With Bedbugs, Some People See Pests, Others See Profits
30 September 2010
Entomologist Jeff White holds a container of live bed bugs at the North American Bed Bug Summit in Rosemont, Illinois, on September 21st
This is the VOA Special English Economics Report.
They are not even five millimeters long and cannot fly or jump. Yet bedbugs strike fear in homeowners and business owners. Well, not all business owners. Some see money in these little bloodsuckers.
Missy Henriksen speaks for the National Pest Management Association.
MISSY HENRIKSEN: "We are now seeing bedbugs in what we would consider to be atypical locations: schools and hospitals, retail locations, movie theaters.
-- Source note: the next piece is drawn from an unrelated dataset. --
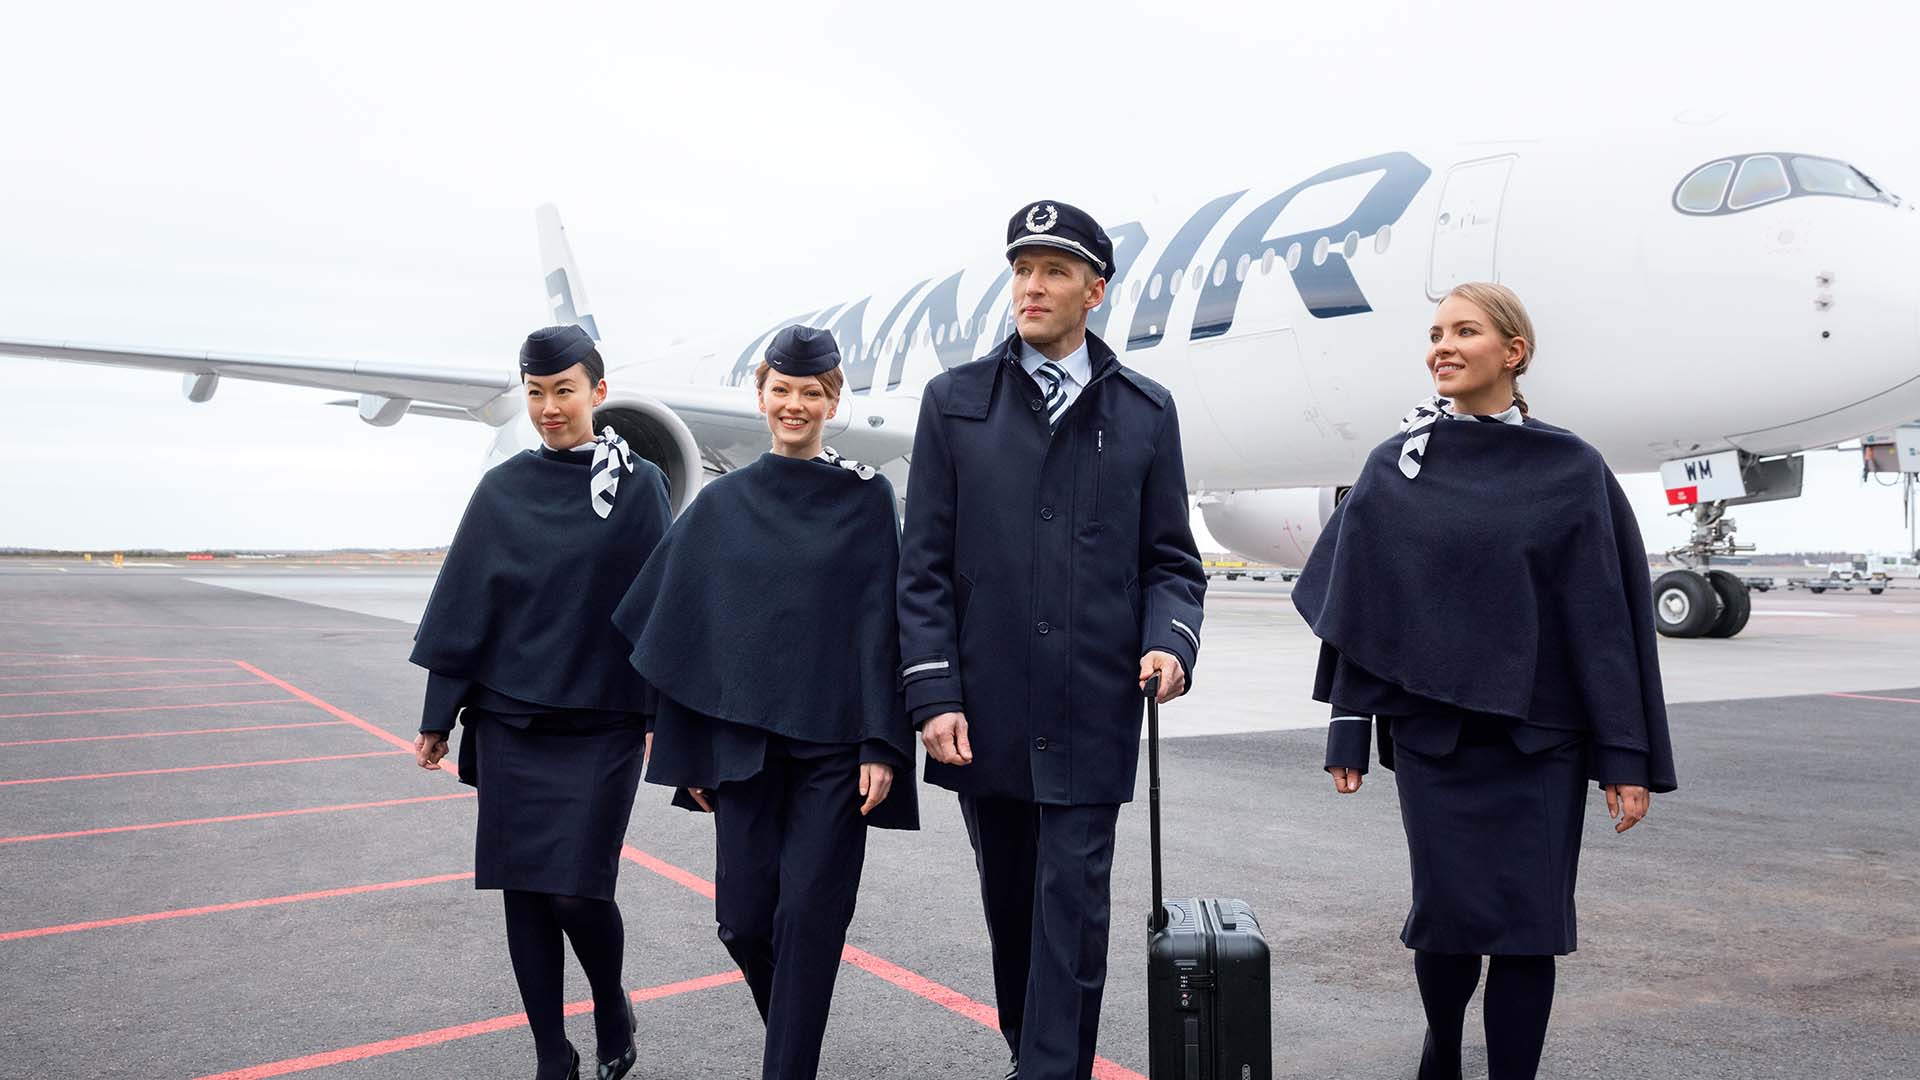 Finnair crew in front of a A350, image by Mikko Ryhänen, Woodpecker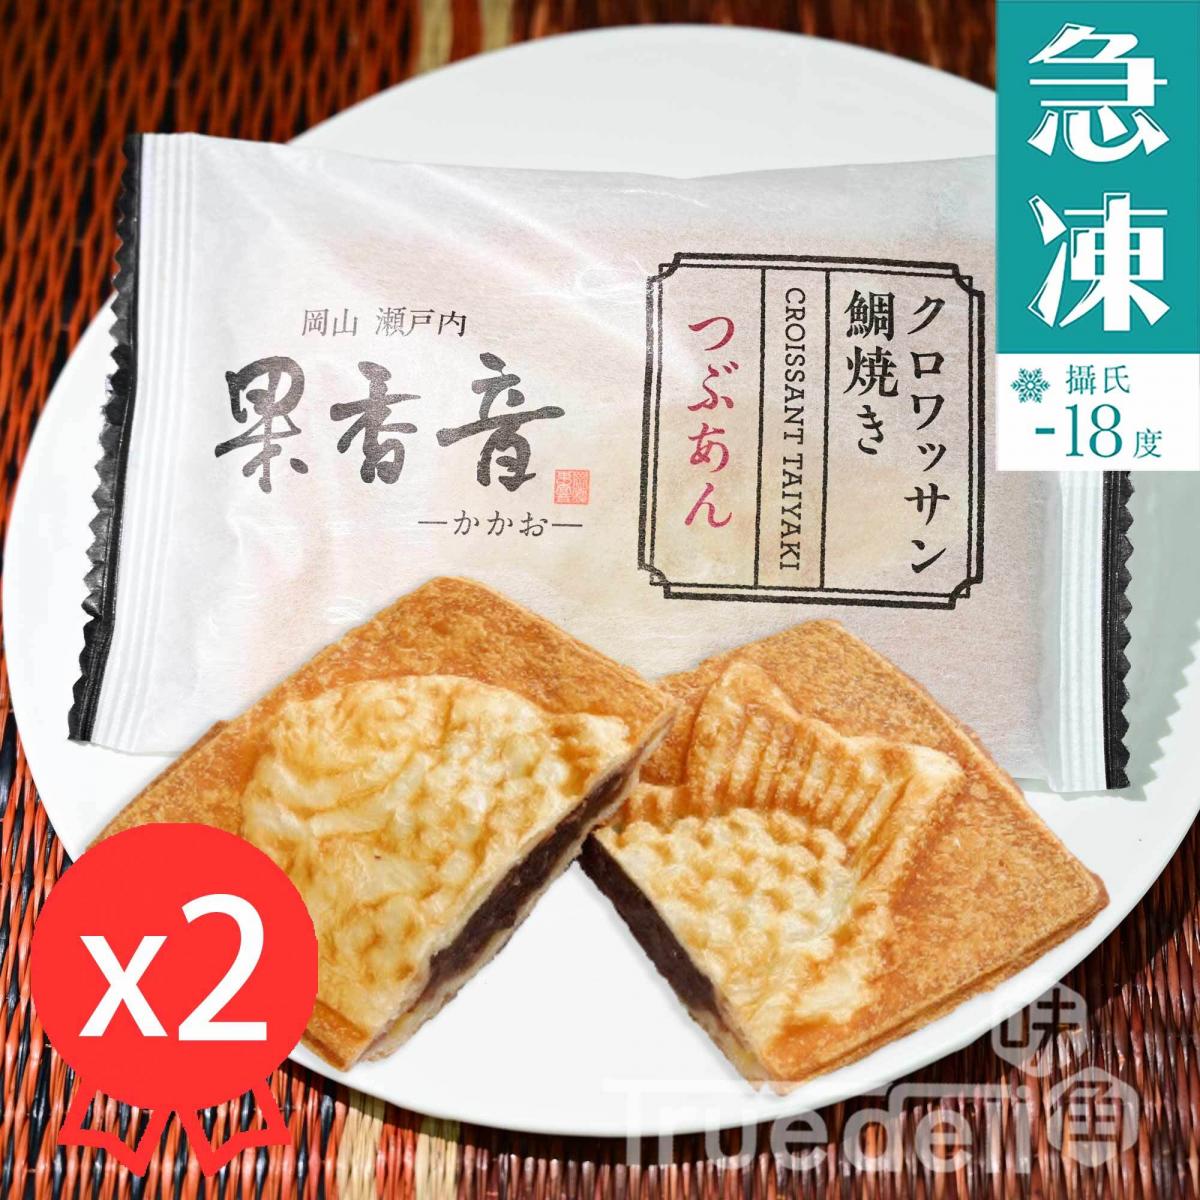 日本酥皮鯛魚燒 - 紅豆味, 80g x 2件 (急凍 -18°C)

So, as the numbers have grown, those bed bugs are spreading out and traveling along with people."
A common bedbug full of blood after feeding on a human arm
New York and other cities have outbreaks. But the United States is not the only country affected.
Jeff White is an insect expert who hosts Bed Bug TV on the website BedBug Central.
JEFF WHITE: "What has caused this rapid expansion of bedbug infestations -- and the world for that matter -- is the lack of public awareness."
Mr. White says bedbugs nearly disappeared from the United States for fifty or sixty years. Now researchers are looking for faster, safer ways to control them without the kinds of poisons used in the past.